Apparently, cannabis DNA can be used to genetically reproduce cannabinoids without having to grow the cannabis plant itself. If you have seen Jurassic Park, then you already get the drift.
Boston-based biotech company Gingko Bioworks Inc. and Canadian cannabis company Cronos Group Inc. have teamed up to work on a breakthrough that could redefine the science of cannabis production.
Why “artificially” reproduce cannabinoids?
You might ask why the need to use genetic engineering to reproduce cannabinoids when these compounds are found in cannabis and cannabis plants are not even that hard to grow naturally.
True. Cannabis plants are not that difficult to grow and cultivate. And there are more than a hundred cannabinoids or active chemical compounds found in the cannabis plant. The two most popular and most market-worthy are tetrahydrocannabinol (THC) and cannabidiol (CBD).
Cannabis also has dozens of other cannabinoids that are recreationally or medically relevant.

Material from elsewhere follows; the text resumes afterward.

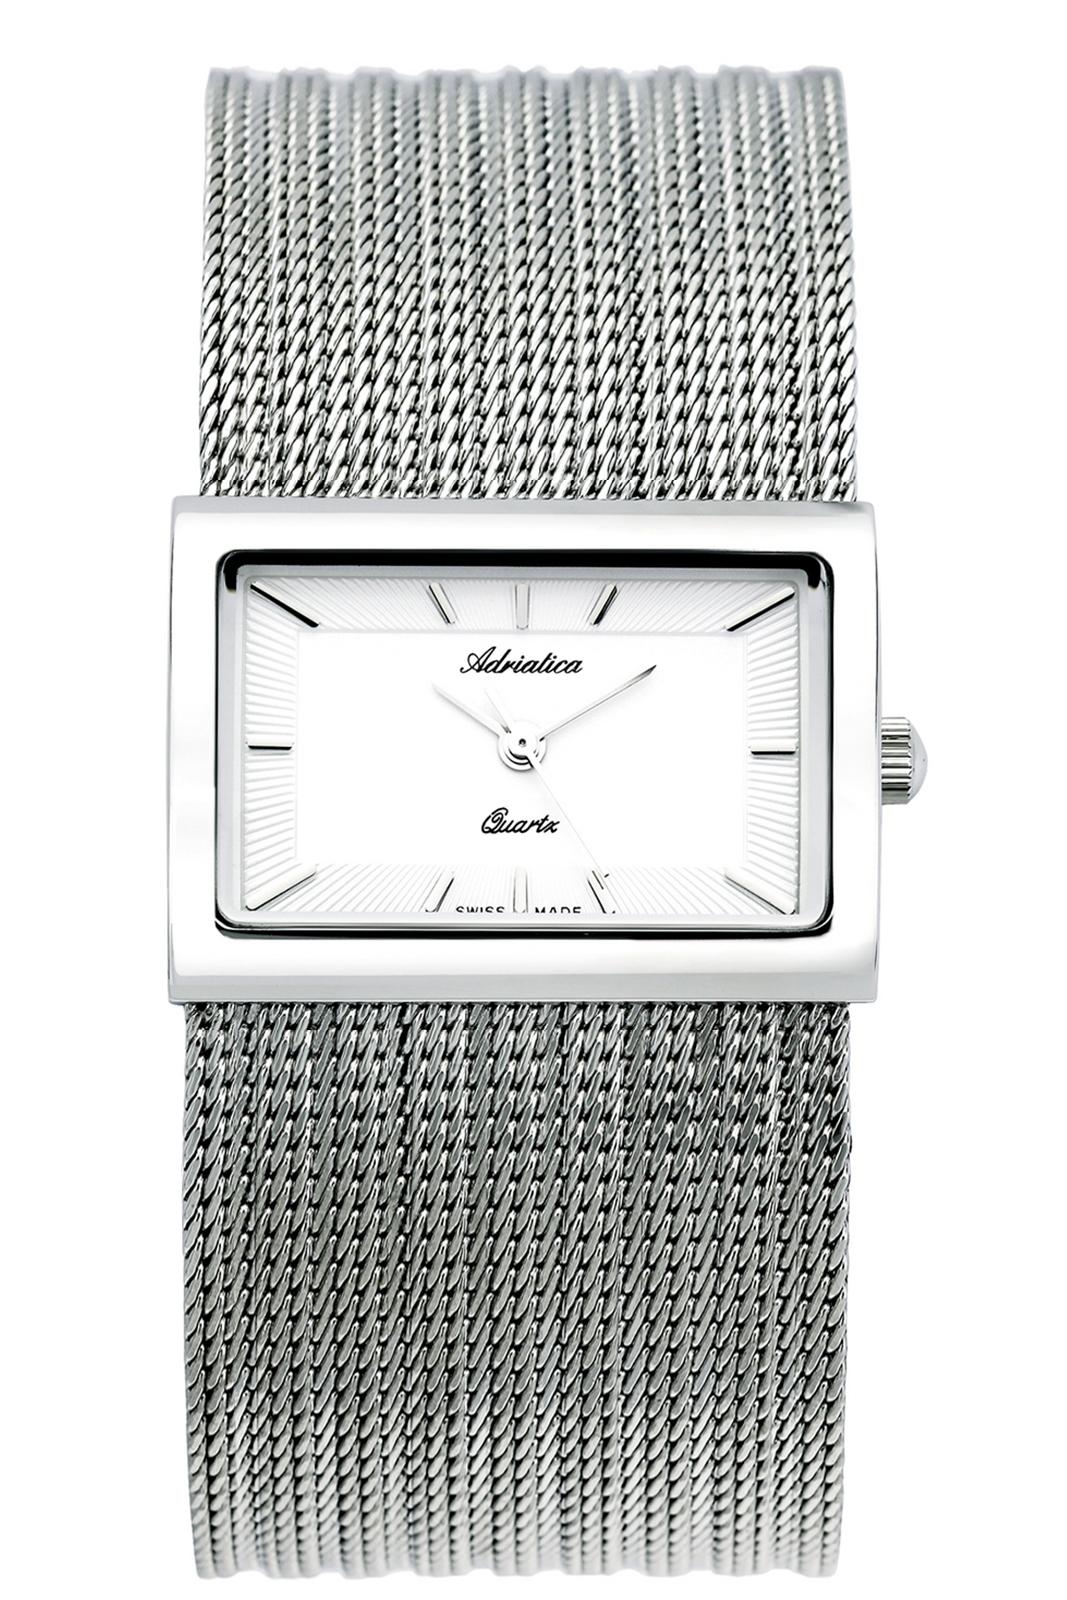 Adriatica, часы с прямоугольным циферблатом

The only problem is that these other cannabinoids occur only in small amounts that there is no profitable way to extract them. This means that in order for users to obtain these rare cannabinoids, they have to consume the cannabis in flower or other whole-plant form.
This is why Gingko Bioworks and Cronos Group are working to change this. More specifically, Gingko Bioworks is working for Cronos Group to develop genetic engineering methods to recreate these cannbinoids even without the plant.

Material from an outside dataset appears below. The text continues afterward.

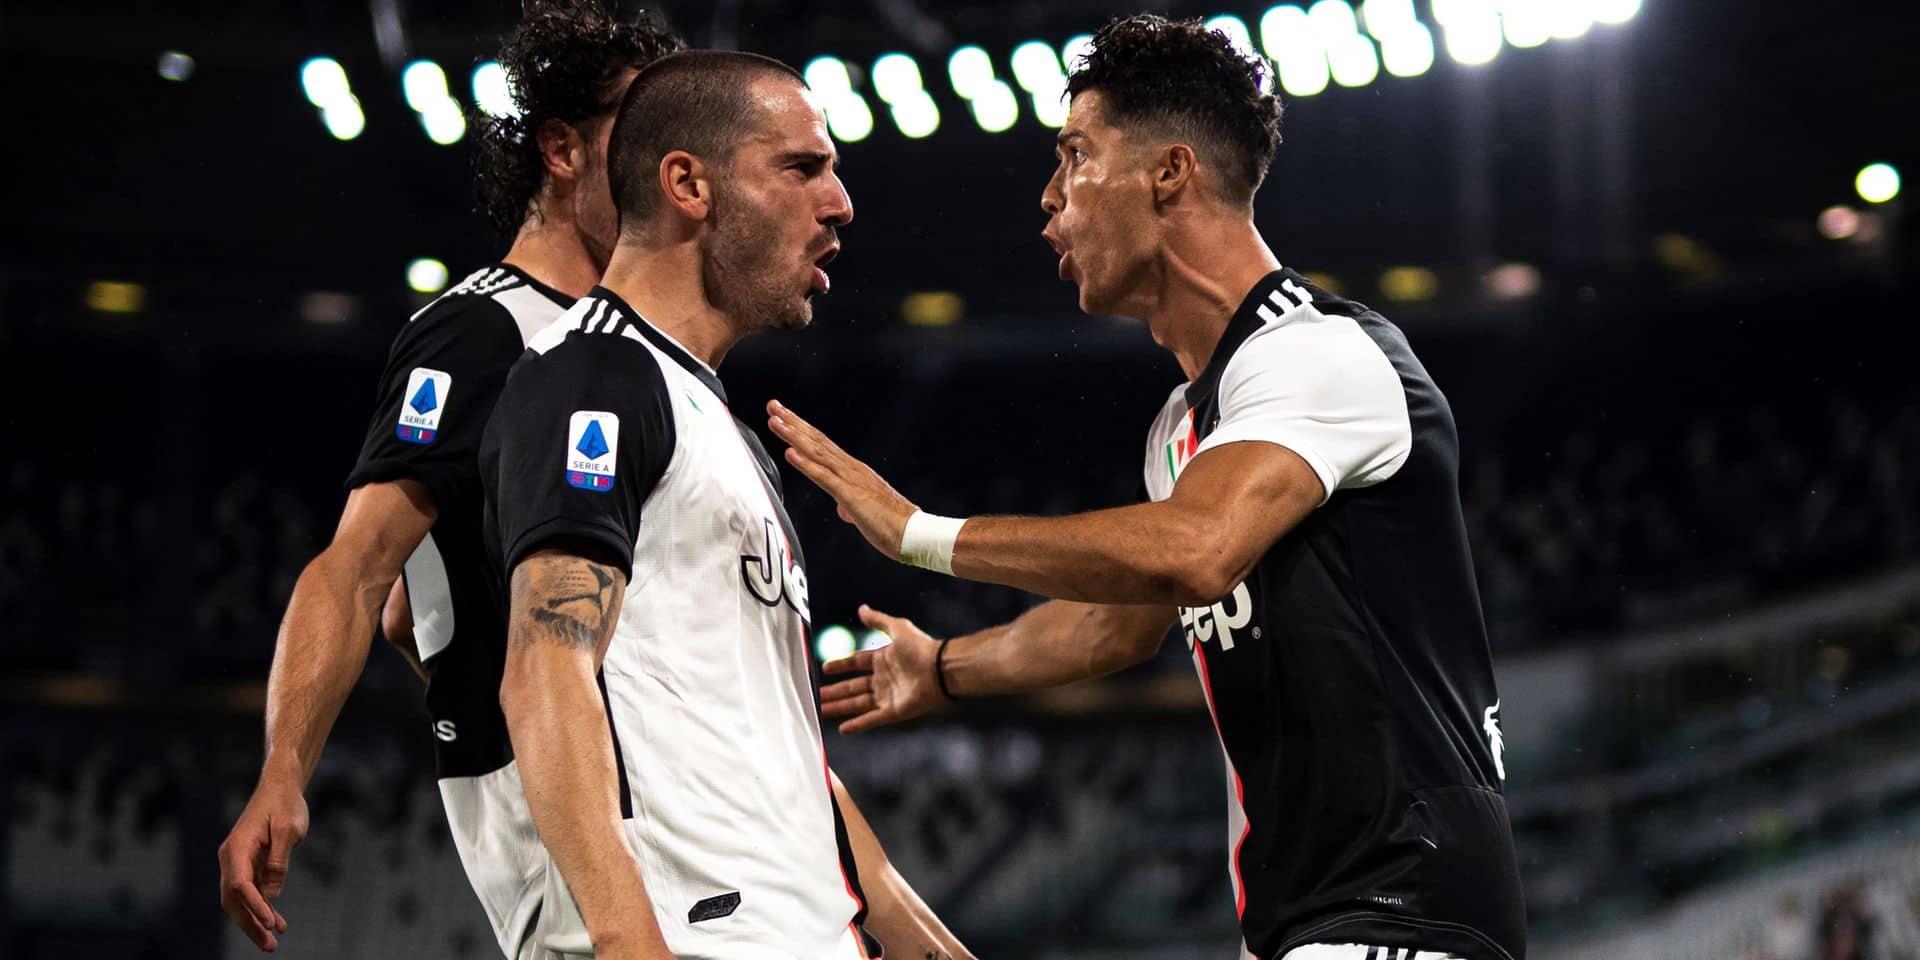 Enfin la semaine du sacre pour la Juventus

The objective is for Gingko to isolate the uncommon and trace cannabinoids and sequence the parts of the genome that are responsible of producing them. Gingko will then use the DNA sequence to produce these rare cannabinoids artificially in large quantities.
What are these rare but relevant cannabinoids?
One example of a rare and trace cannabinoids is delta-8-THC, which is an isomer of the more common THC (formally called delta-9-THC). THC concentrates that you can buy in dispensaries and cannabis stores most likely won’t contain delta-8.
Unlike delta-9, delta-8 has a lower psychoactive footprint, which means that it does not create a high. Yet, it offers additional medicinal benefits that delta-9 does not. In fact, research has strongly correlated delta-8 with tumor reduction and death of cancer cells.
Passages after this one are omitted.